The signing of the Treaty of Shimonoseki (ending the Sino-Japanese War) incited young scholars already gathered in Beijing for the triennial Imperial Exams to present a petition to the emperor calling for reforms.  The main drafter of this petition, Kang Youwei, would later serve the court for 100 Days in 1898, urging the young Guangxu Emperor to model himself and his reforms, in part, after the Meiji Emperor.

In 1906, Japan emerged victorious from the Russo-Japanese War, the first time in modern history an East Asian nation had defeated a European nation on the battlefield, and young Chinese began to see in Japan the possibilities that China too could someday successfully stand up to the Western powers.

The list of students who studied in Japan in the early 20th century reads like a who’s who of Modern Chinese history: Lu Xun, Chiang Kai-shek, Li Dazhao, Chen Duxiu, Zhou Enlai, Qiu Jin, and Song Jiaoren, among many others.  Japan provided a convenient haven for those who had run afoul of Qing authorities, and benefited from being close, cheaper than studying in Europe or North America, and offering a more familiar dietary, linguistic, and cultural environment.  The large number of Chinese students and exiled radicals in Japan attracted organizers seeking to rally impressionable young Chinese to their cause.  The Tongmenghui 同盟会, the precursor of the KMT, was founded by Sun Yat-sen and Song Jiaoren in Tokyo in 1905, even as Kang Youwei was urging his fellow Chinese in Japan to eschew revolution and support his vision of a reformed constitutional monarchy.

The exacting and disciplined Japanese military culture left a profound mark on many young men, most famously Chiang Kai-shek, who in later years may have surrounded himself with people so corrupt they had to screw their pants on every morning, but who lived his own life as an exercise in warrior asceticism.

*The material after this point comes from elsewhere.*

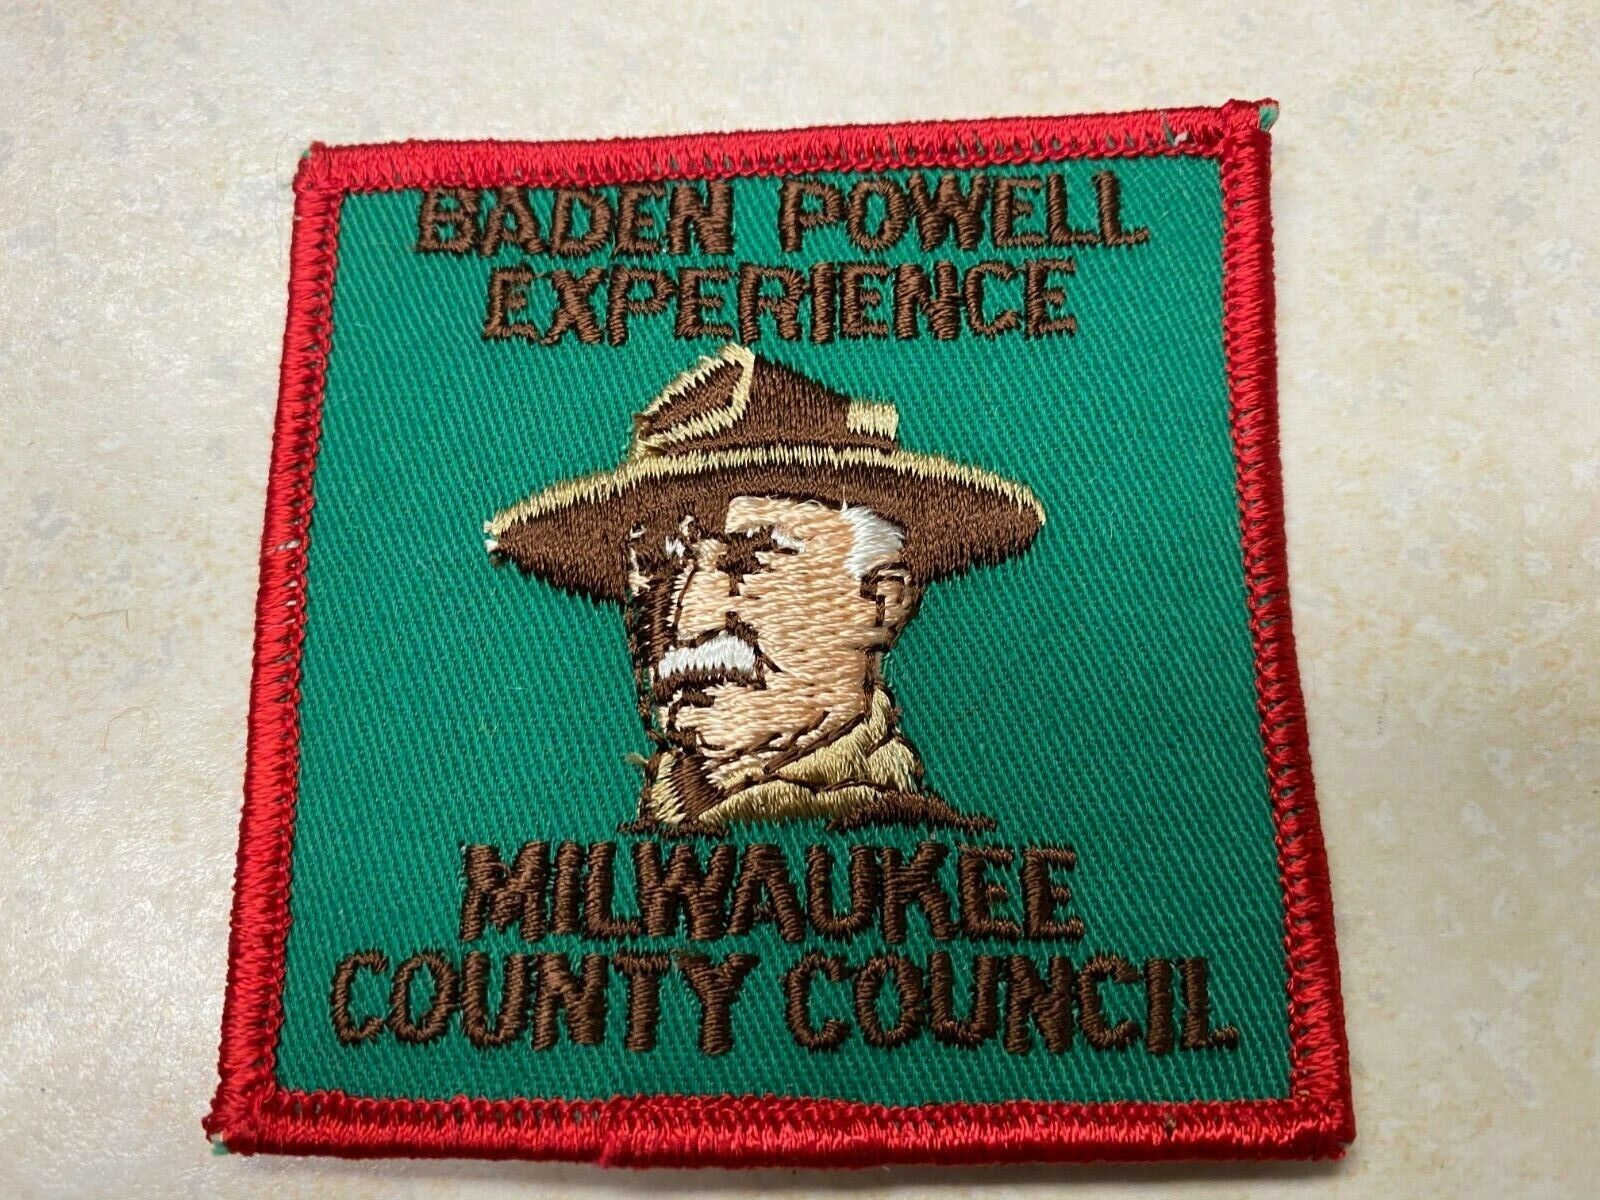 Milwaukee County Council Baden Powell Experience patch

Even the language of modernity in China owes a great debt to Japanese.  Faced with the challenge of translating new ideas using old characters, neologisms like democracy 民主主义 and revolution 革命 appeared first in Japanese before being re-imported to China.  Ancient terms (such as 卫生 “preserving life”) were imbued with new modern meanings (“hygiene”).

As I read and hear Chinese reactions to the tragic events in Japan, I am reminded of this complex legacy.  Some people wish to donate money and supplies to help in the relief effort, others wonder why “poor Chinese” need to help rich Japan.  There are those comments, linked to in Yajun’s post, expressing a mixture of admiration and wonder at the “disciplined” nature of Japanese society, and not so subtly pointing out how China (once again) “fails” to measure up to Japan according to ever shifting standards of modernity and development.  And of course, there are the shrill voices of bleating nationalist sheep taking perverse pleasure in Japanese suffering.  (Though lest China be singled out in this regard, it’s wise to recall that “Pearl Harbor” was a trending topic on Twitter over the weekend.)

As Yajun wrote, it is a complicated relationship, and one I believe can’t be simply reduced to the historical memories of World War II.  Hopefully, something good can emerge from this horrific tragedy, and empathy will replace antipathy as the dominant chord in relations between these two great countries.